Каниц украдкой рассматривал ее. Какой она кажется маленькой в этом большом зале, бедная хозяйка Кекешфальвы. А ее можно было бы назвать хорошенькой, если бы она не была так бледна и запуганна; это узкое удлиненное лицо с опущенными ресницами напоминает дождливый пейзаж. Глаза нежно-васильковые, мягкие и теплые, но они, не осмеливаясь взглянуть открыто, снова и снова пугливо прячутся за ресницами. Как тонкий знаток человеческой природы, Каниц сразу понял, что перед ним надломленное существо.
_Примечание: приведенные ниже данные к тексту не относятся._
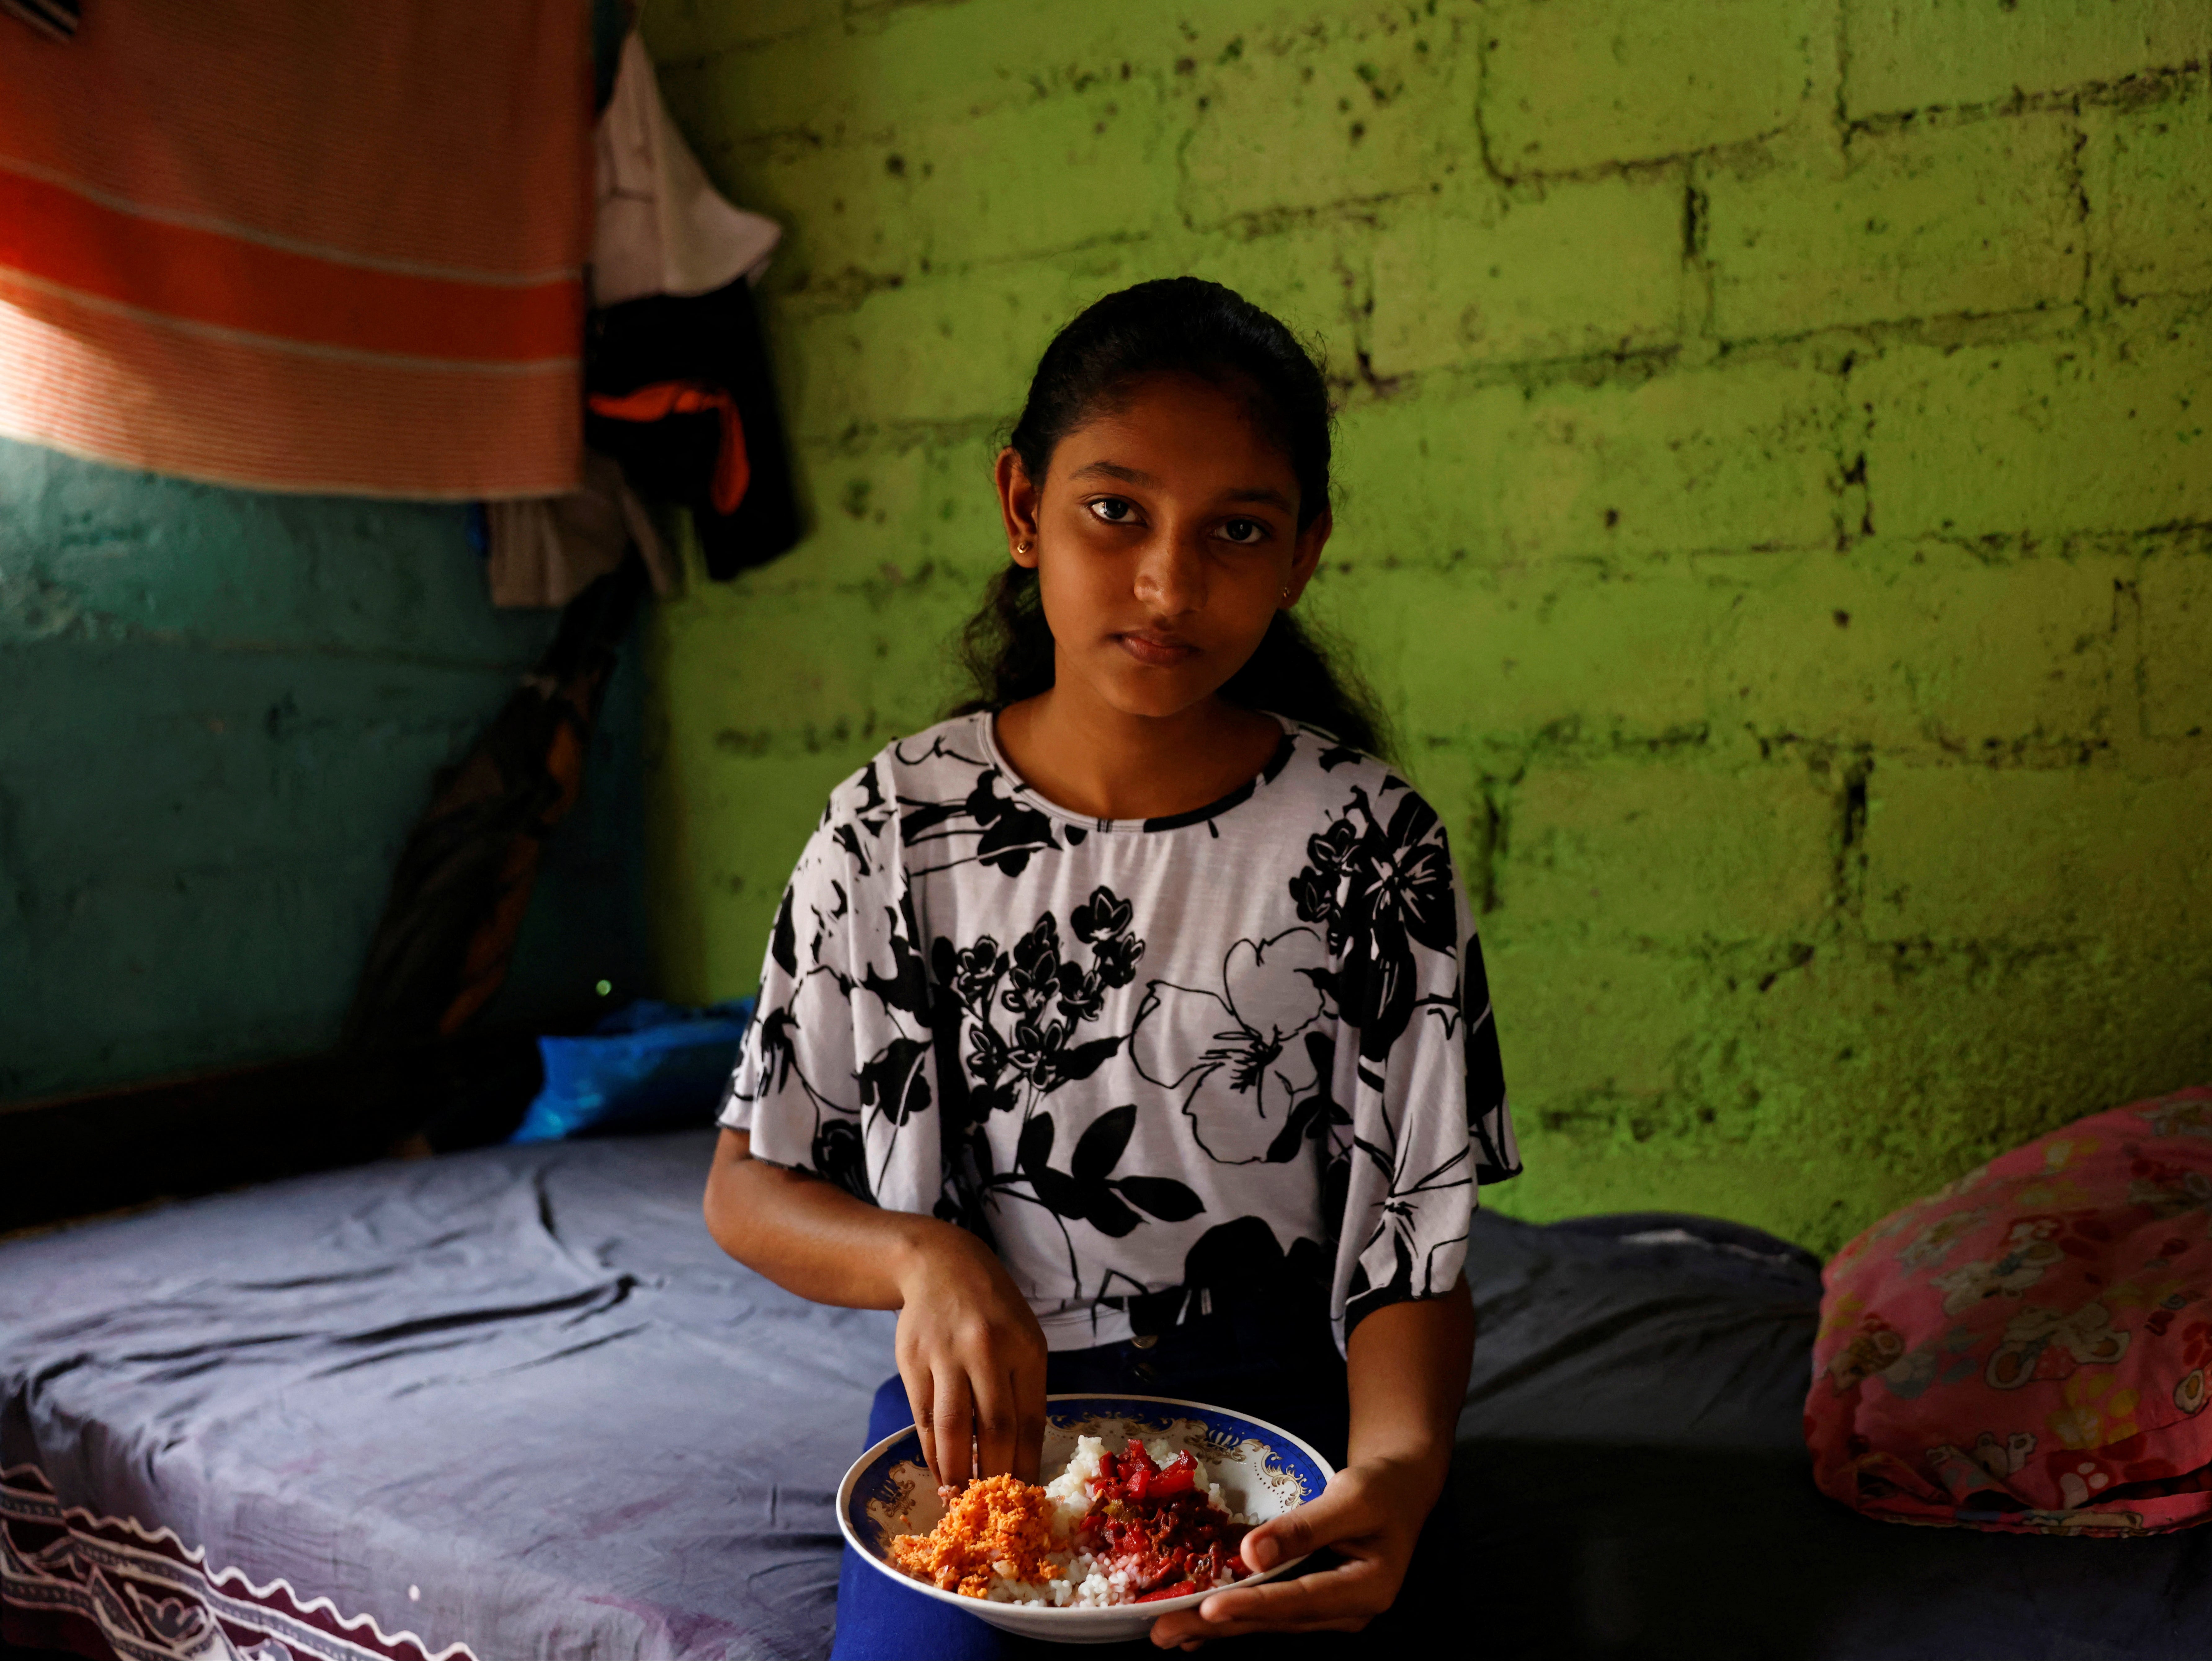 Dilhani Wathsala, 14, with her lunch. ‘Before the economic crisis, we ate well and we served meat or fish to our kids at least three or four times a week. Now fish is out of the reach of our family and so is meat,’ says her mother

Человек без воли, из которого можно вить веревки. А если так, значит, не упускай случая, заводи разговор! Соболезнующе нахмурив брови, он осведомился:

– Но что тогда будет с вашей прекрасной усадьбой? Ведь тут нужна рука, твердая рука.

– Не знаю, не знаю, – нервно произнесла она. По ее хрупкому телу пробежала дрожь.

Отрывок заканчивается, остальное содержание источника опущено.